Однако, - повторим это еще раз, - камень преткновения составляет вовсе не русский национализм как таковой, а пробуждающаяся русская этничность. Ее влияние на политику, культуру и общество выражается в формировании так называемого «банального национализма». Это национализм, незаметным и неосознаваемым образом пропитывающий всю социальную, культурную и политическую жизнь, что типично для Запада, где «национализм настолько прочно встроен в мышление и поведение как политических элит, так и рядовых граждан, что его перестают замечать. […] Априорная уверенность в правоте собственной страны (согласно принципу: right or wrong – my country), агрессивное преследование целей, понятых как «национальный интерес», неуважение к позиции политических оппонентов – вот характерные черты “банального национализма”»[447]. Такой национализм, точнее национальная гордость и презумпция превосходства национальных интересов, есть политическая и культурная норма современного Запада[448].
Более того, понятый подобным образом национализм вообще признак психической нормальности индивида и группы. Ведь с точки зрения психологии индивид испытывает глубокую потребность в позитивной оценке группы, к которой он принадлежит. Любить свой народ и свою Родину – естественное и нормальное состояние для человека, отрицать и презирать их – психическая девиация. В этой перспективе превращение в современной России риторики «патриотизма» в политическую конвенцию как раз отражает потребность общества к возвращении к психической норме.
Другое дело, что оно к ней пока не вернулось: русская психе не освободилась от фрустрации прошлого десятилетия, не обрела новые способы и средства национального самоутверждения, новые предметы национальной гордости. Во многом это связано с переформулированием образа группы, выступающей в качестве нормы: отныне это не имперская (советская) общность с надэтнической акцентуацией, а общность по «крови» и «почве» (причем эти понятия вовсе не противостоят друг другу, их объемы, говоря языком логики,
Энизирующееся сознание составляет ментальный фон переживаемой нами эпохи, но само по себе оно не есть национализм. Точно так же, как не является национализмом и растущая русская этнофобия – комплекс негативных реакций в отношении этнических «других».
Ксенофобия не подразумевает стремления к политической власти – этой альфе и омеге национализма, хотя национализм и может включать ксенофобию как часть своей идеологии и практики[449]. Проще говоря, даже если каждый националист – ксенофоб (что вовсе не обязательно), далеко не всякий ксенофоб – националист.
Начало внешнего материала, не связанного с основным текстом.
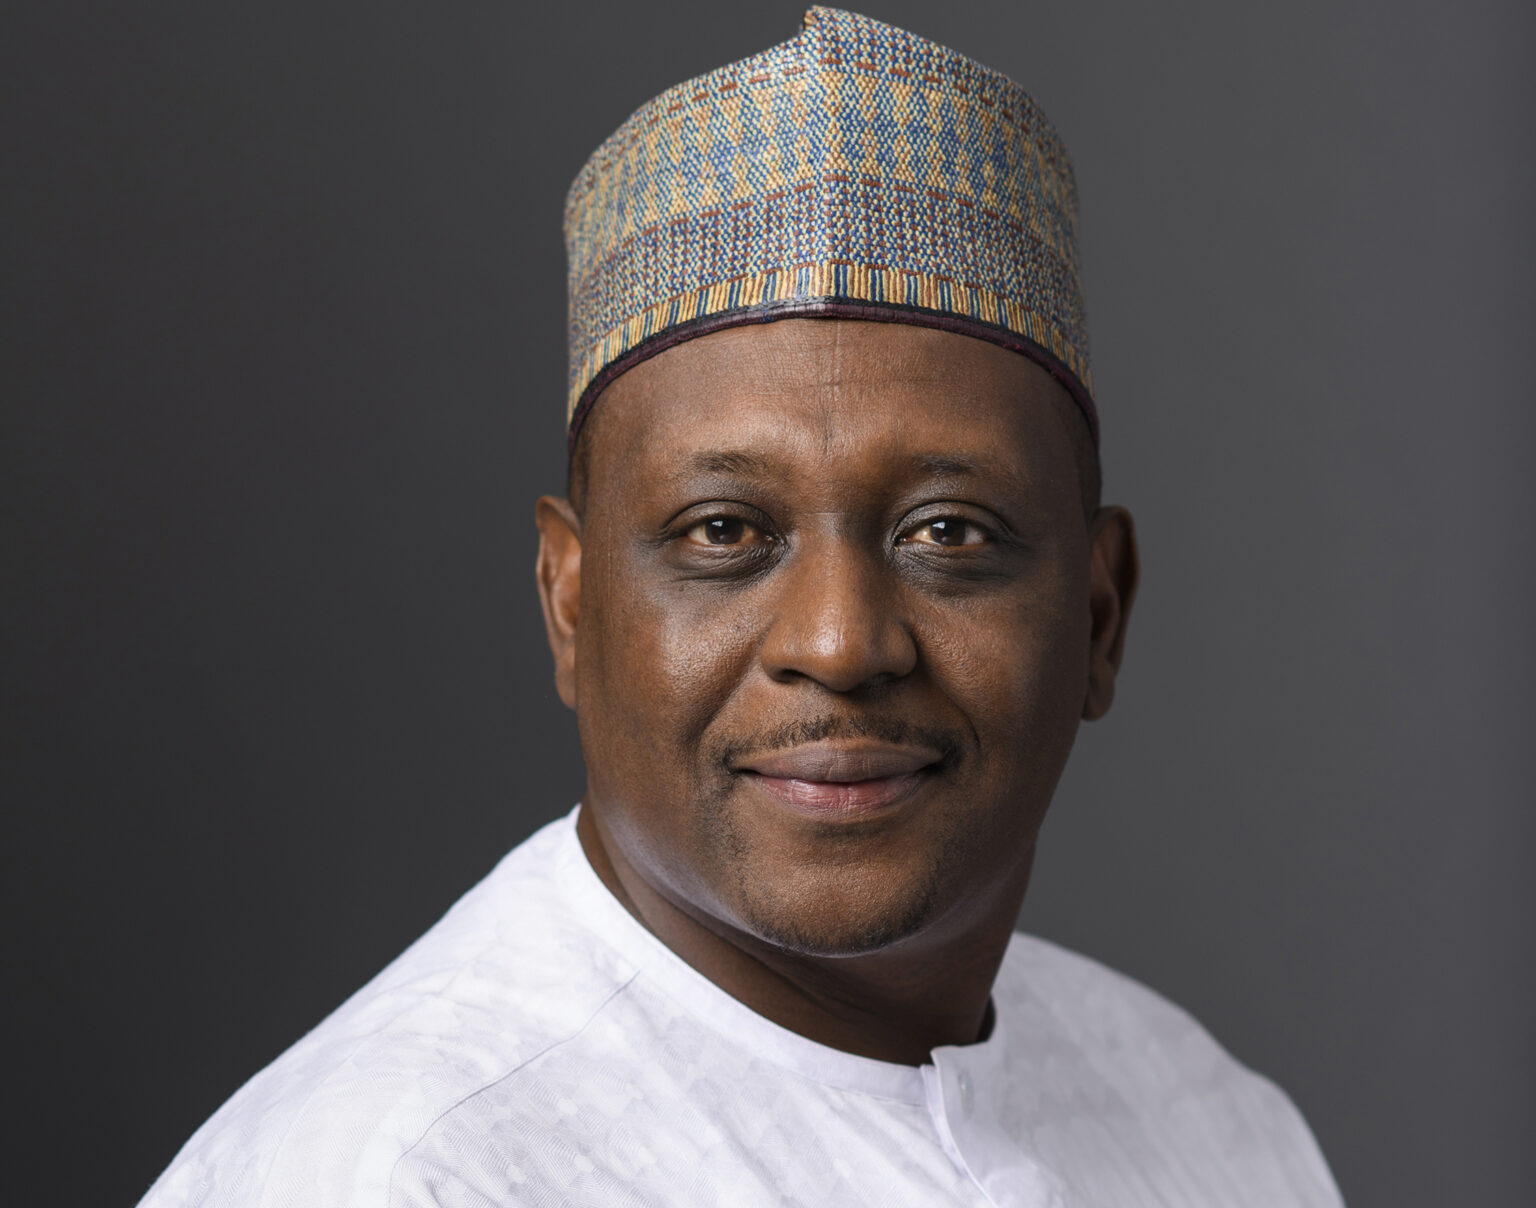 Nigeria’s former Minister of State for Health, Muhammad Pate

Этнофобия составляет питательный бульон для национализма, но рождение влиятельного национализма даже из мощных ксенофобских настроений не гарантировано.
По крайней мере в России националистами является очевидное меньшинство этнофобов. Более того, одни и те же люди одновременно поддерживают самые жесткие рестриктивные меры против мигрантов и требуют политического и правового преследования русского национализма[450].
Прояснение некоторых методологических двусмысленностей, не затронуло пока главную интерпретационную проблему русского национализма – его исключительно и всецело негативную оценку. Прямо утверждается или подразумевается, что русский национализм во все исторические эпохи носил реакционный (в лучшем случае – консервативный), антидемократический и антимодернизаторский характер, служил для реакционных фракций русской власти политическим орудием, средством сохранения ее самой и косного имперского порядка. Русский национализм рассматривается как потенциальная или актуальная главная угроза демократии, политической и экономической свободе, межнациональному миру и стабильности в современной России. Подобный взгляд абсолютно преобладает в отечественном научном и общественно-политическом дискурсах.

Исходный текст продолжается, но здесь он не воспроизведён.